### Provided records
____
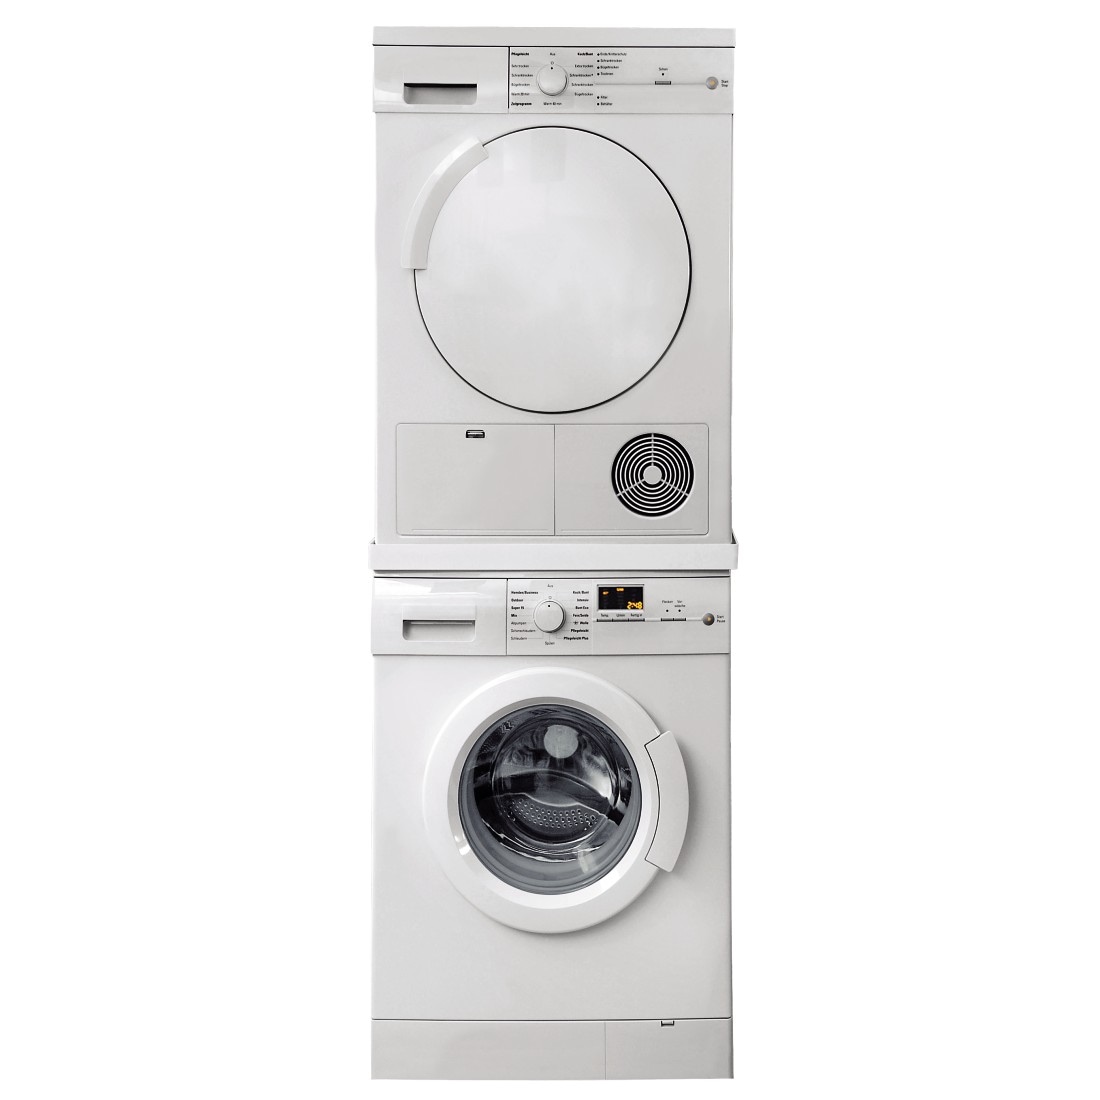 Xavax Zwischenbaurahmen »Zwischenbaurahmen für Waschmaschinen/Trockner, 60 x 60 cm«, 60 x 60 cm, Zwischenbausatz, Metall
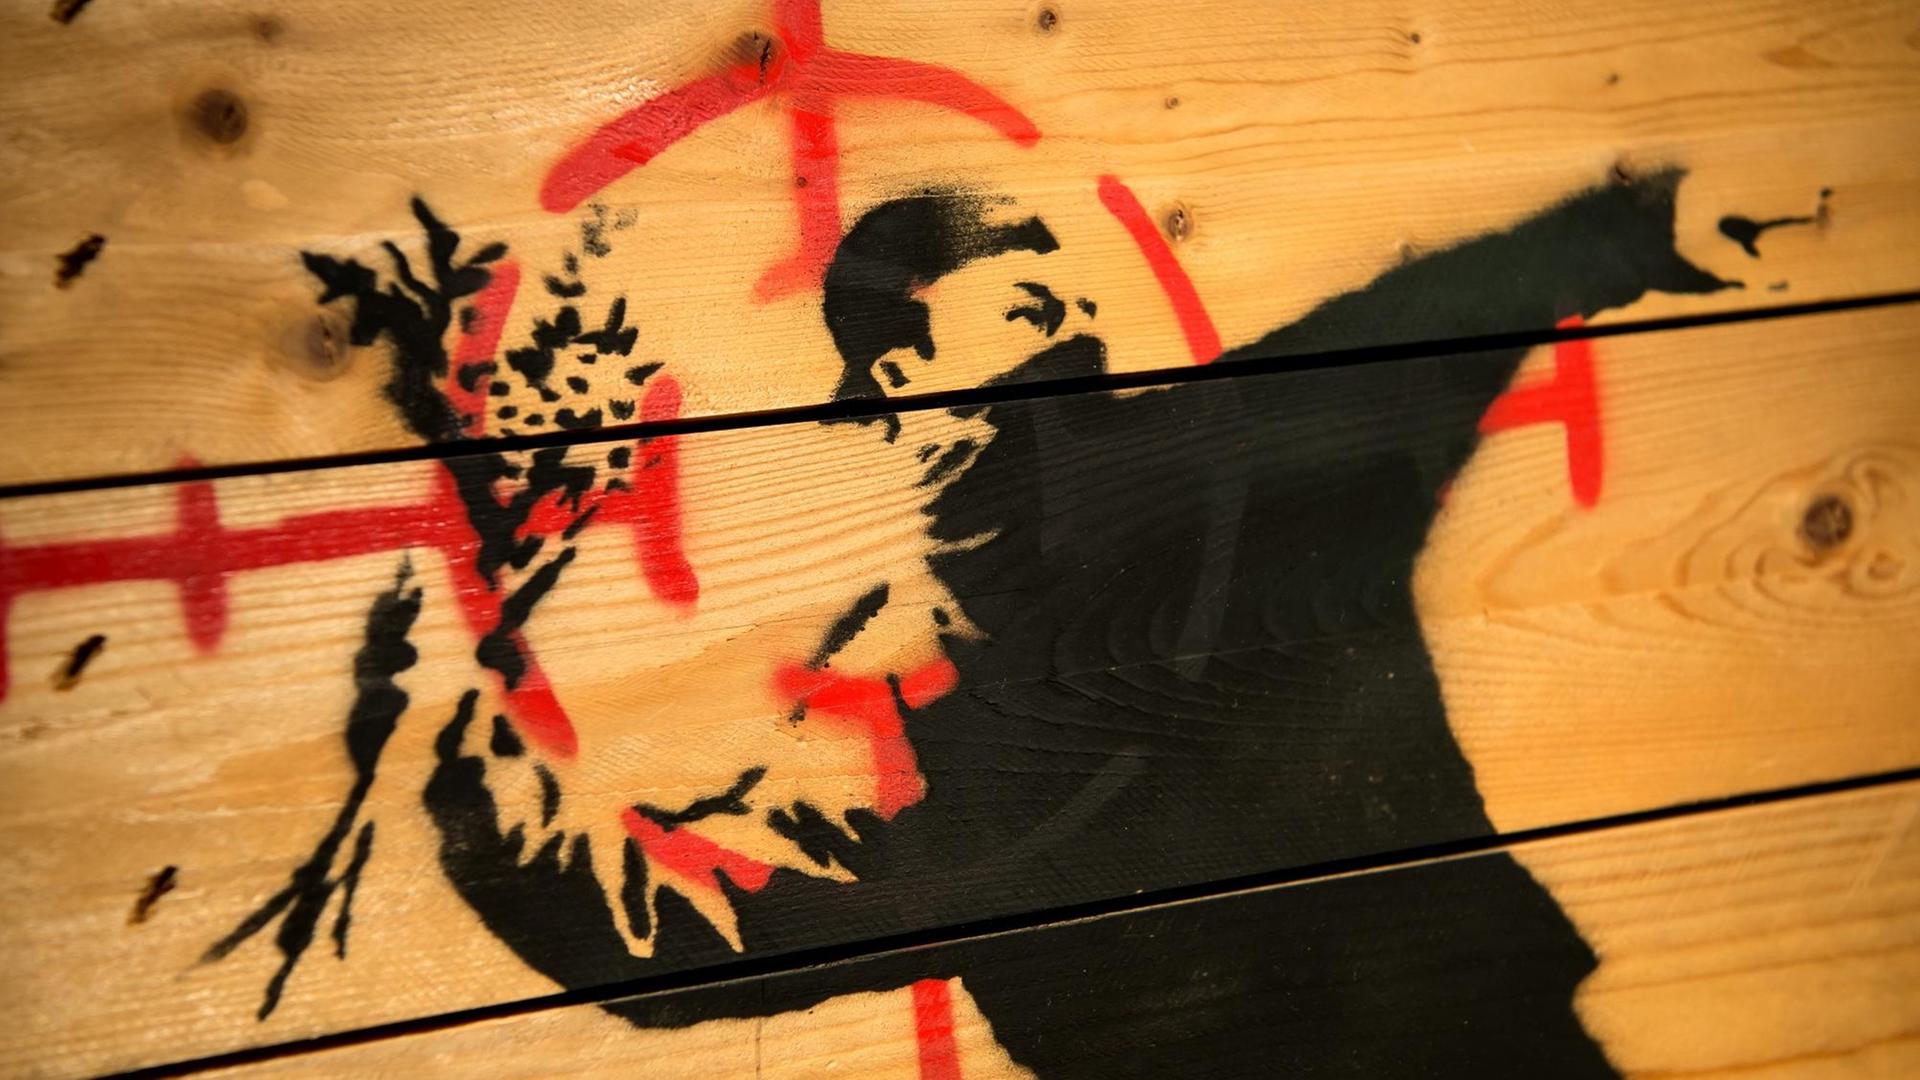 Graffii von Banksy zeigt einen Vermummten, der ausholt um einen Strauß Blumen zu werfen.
____
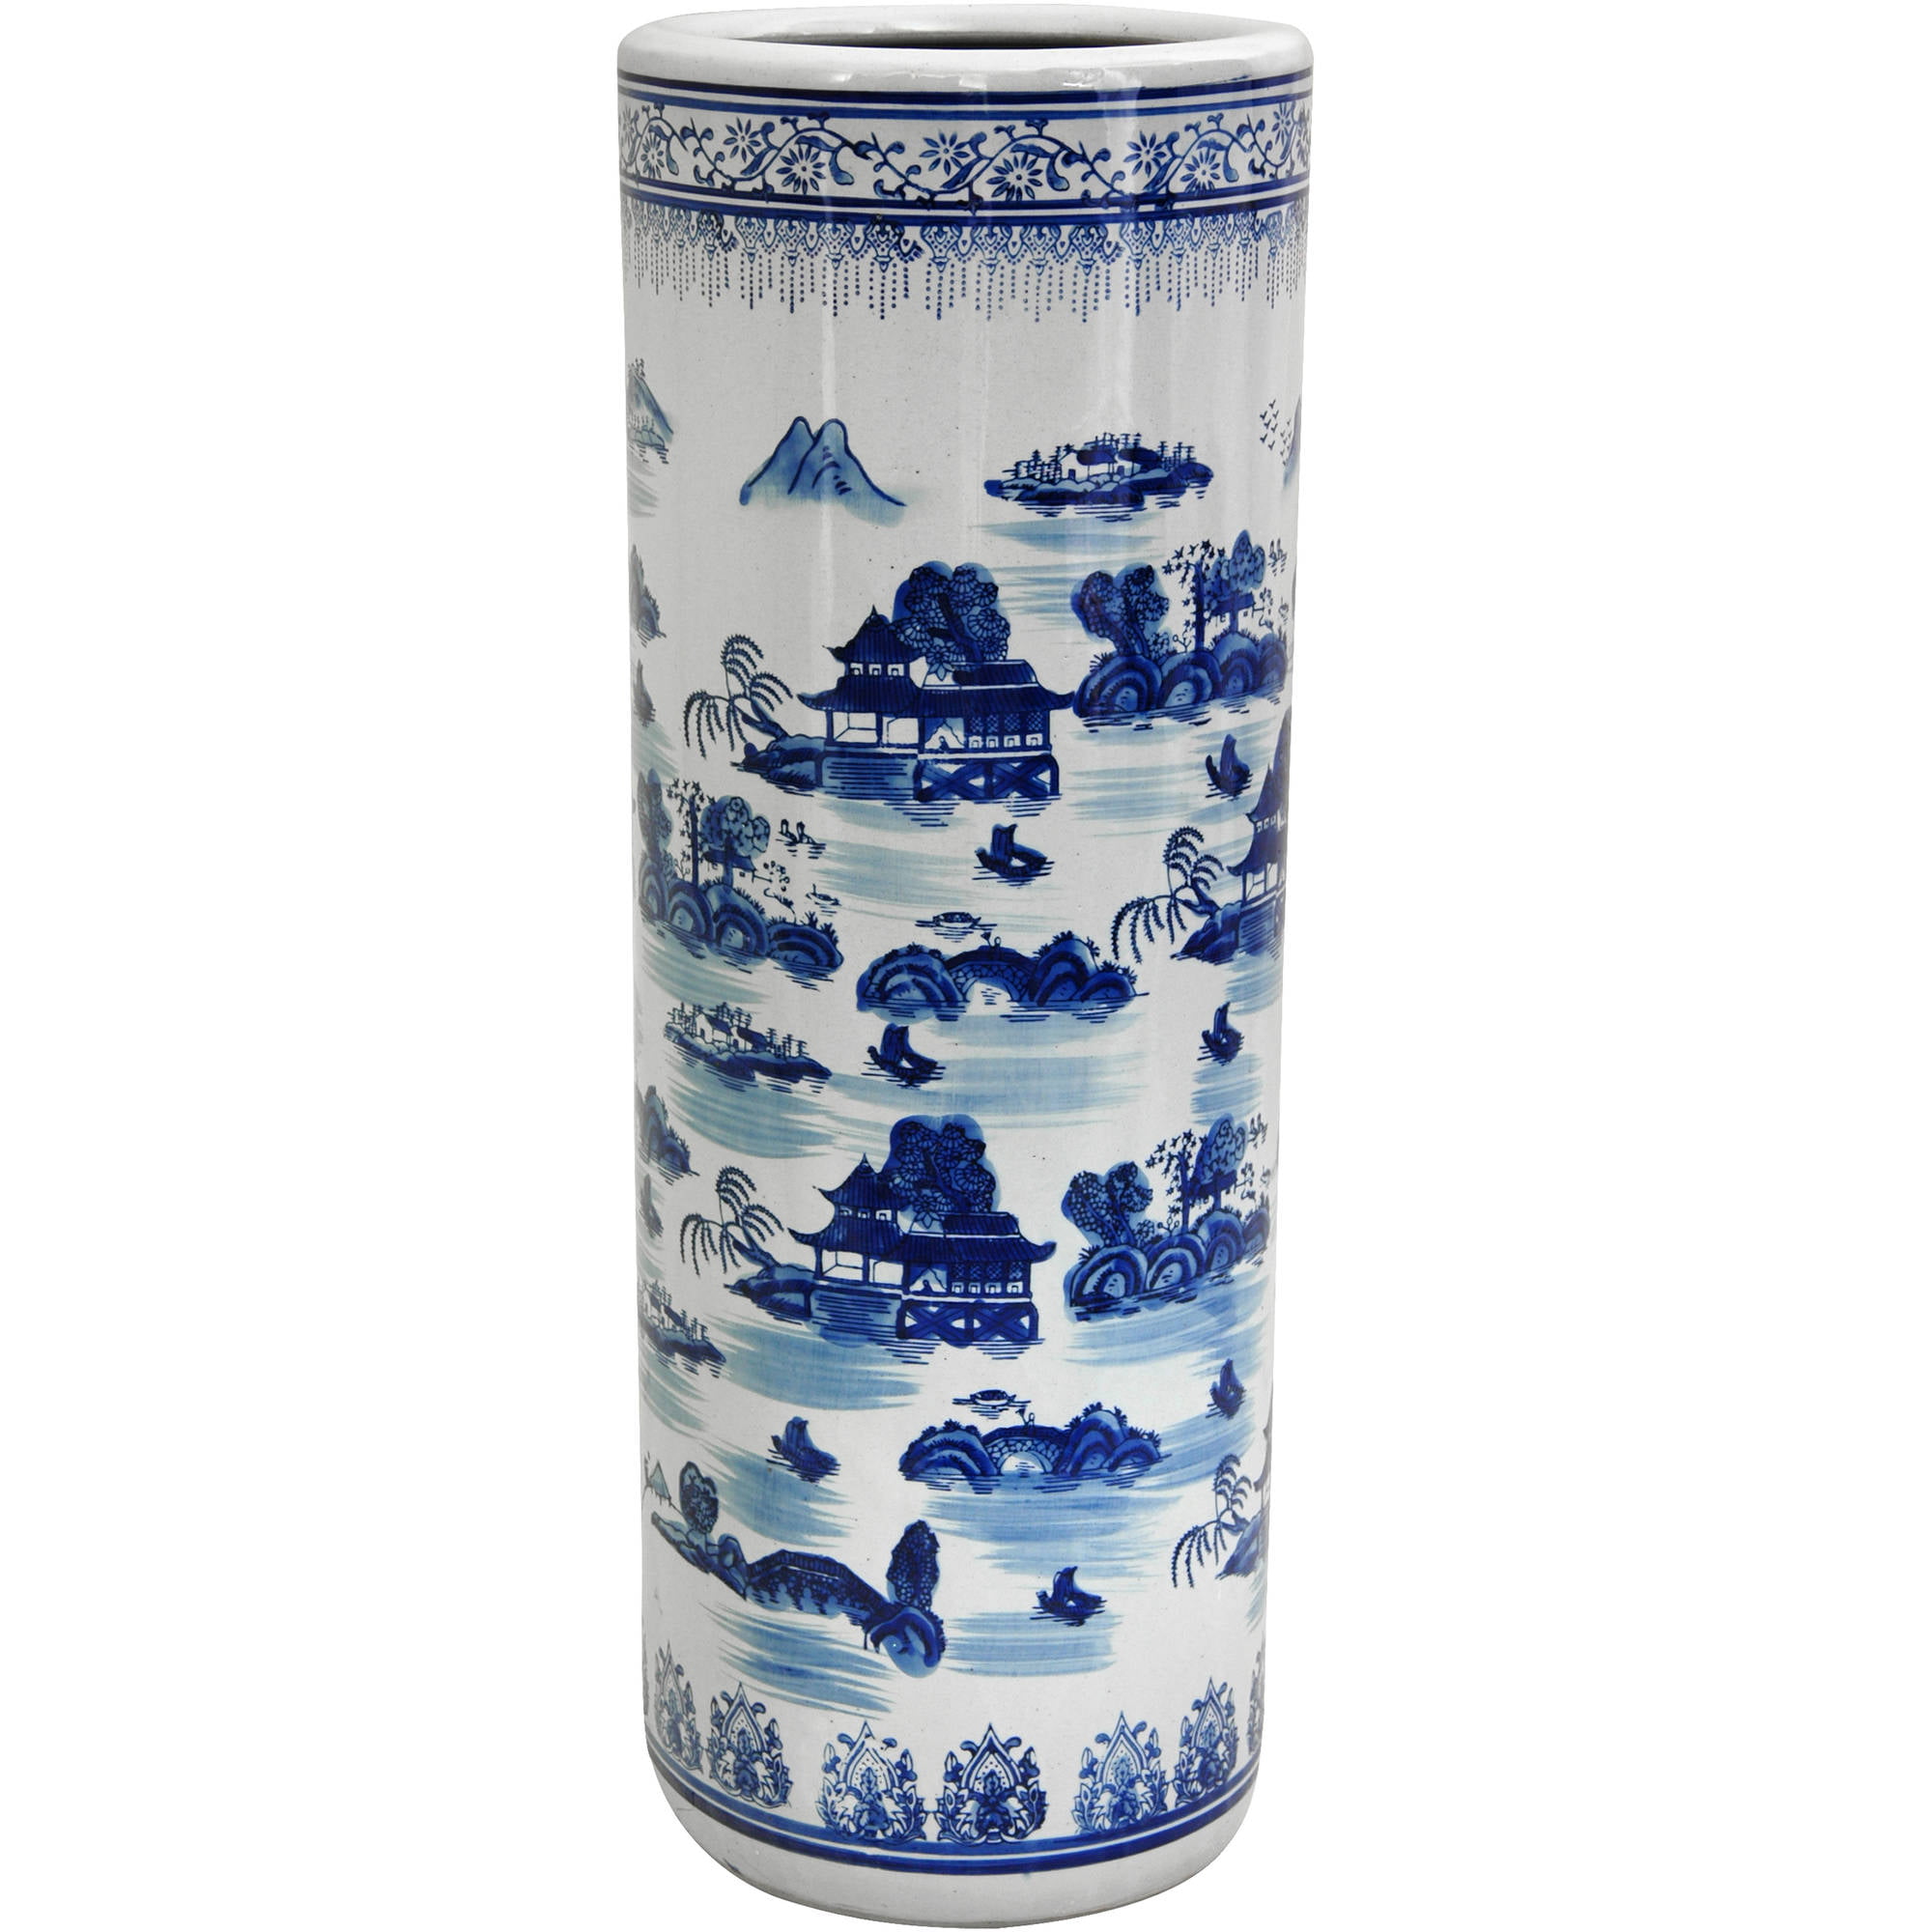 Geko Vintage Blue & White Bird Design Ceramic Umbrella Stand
____
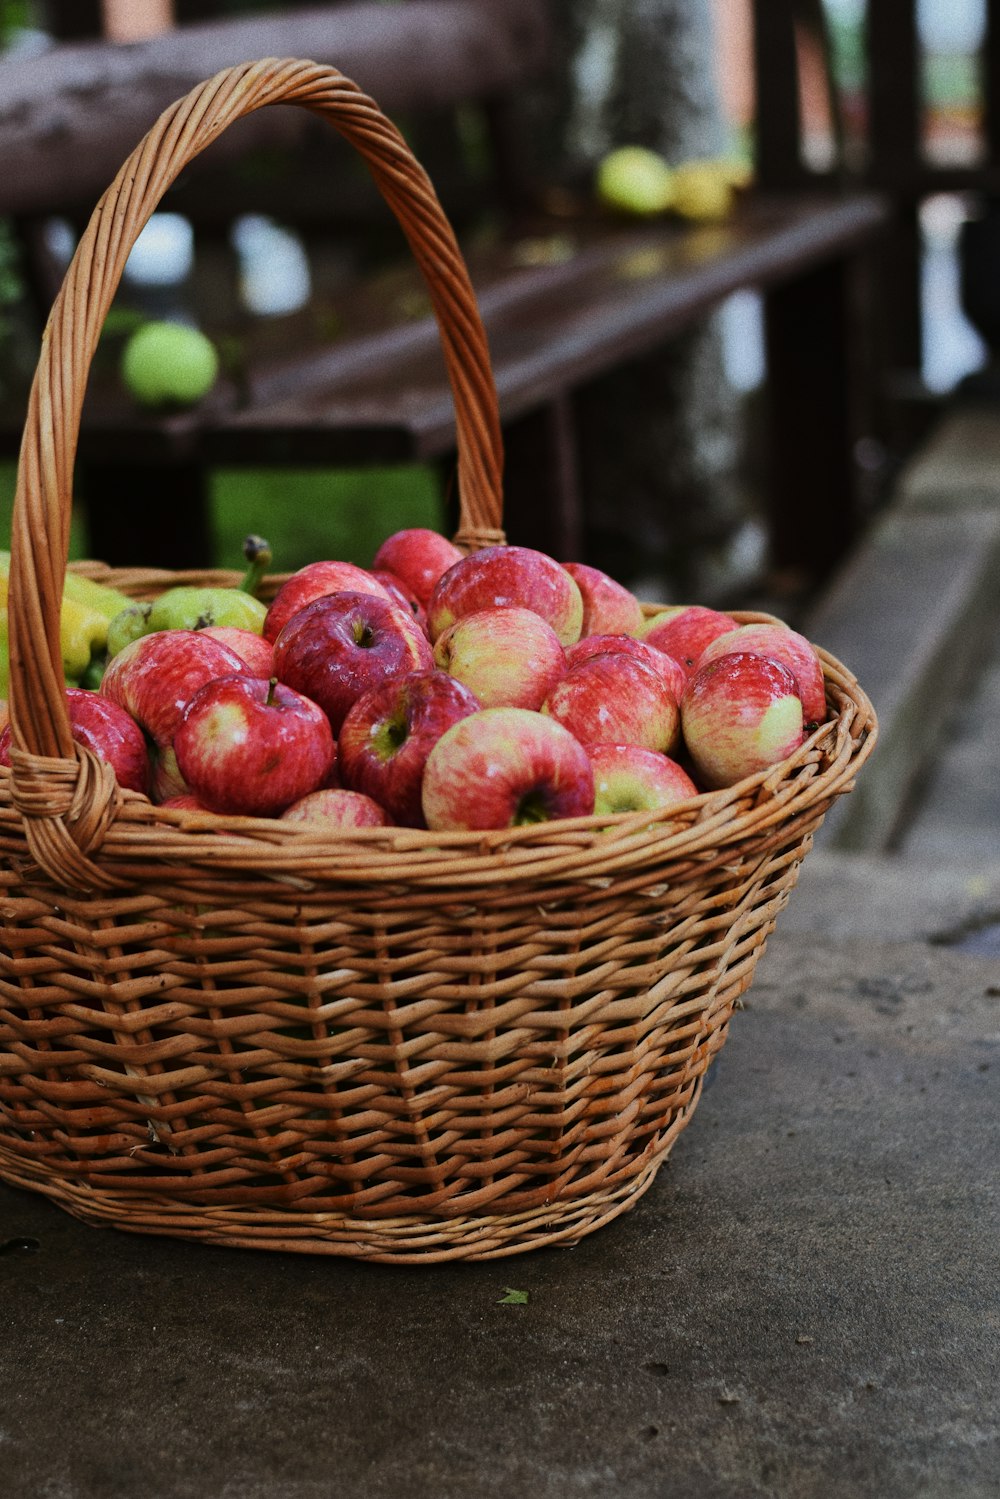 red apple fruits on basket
____
### Your instructions
Using the data above, set down each line from the line with "cm, Zwischenbausatz, Metall" to the line with "Graffii von Banksy" exactly, both ends included, and leave the pictures behind. Nothing else belongs.

### Exercise response
 Xavax Zwischenbaurahmen »Zwischenbaurahmen für Waschmaschinen/Trockner, 60 x 60 cm«, 60 x 60 cm, Zwischenbausatz, Metall
 Graffii von Banksy zeigt einen Vermummten, der ausholt um einen Strauß Blumen zu werfen.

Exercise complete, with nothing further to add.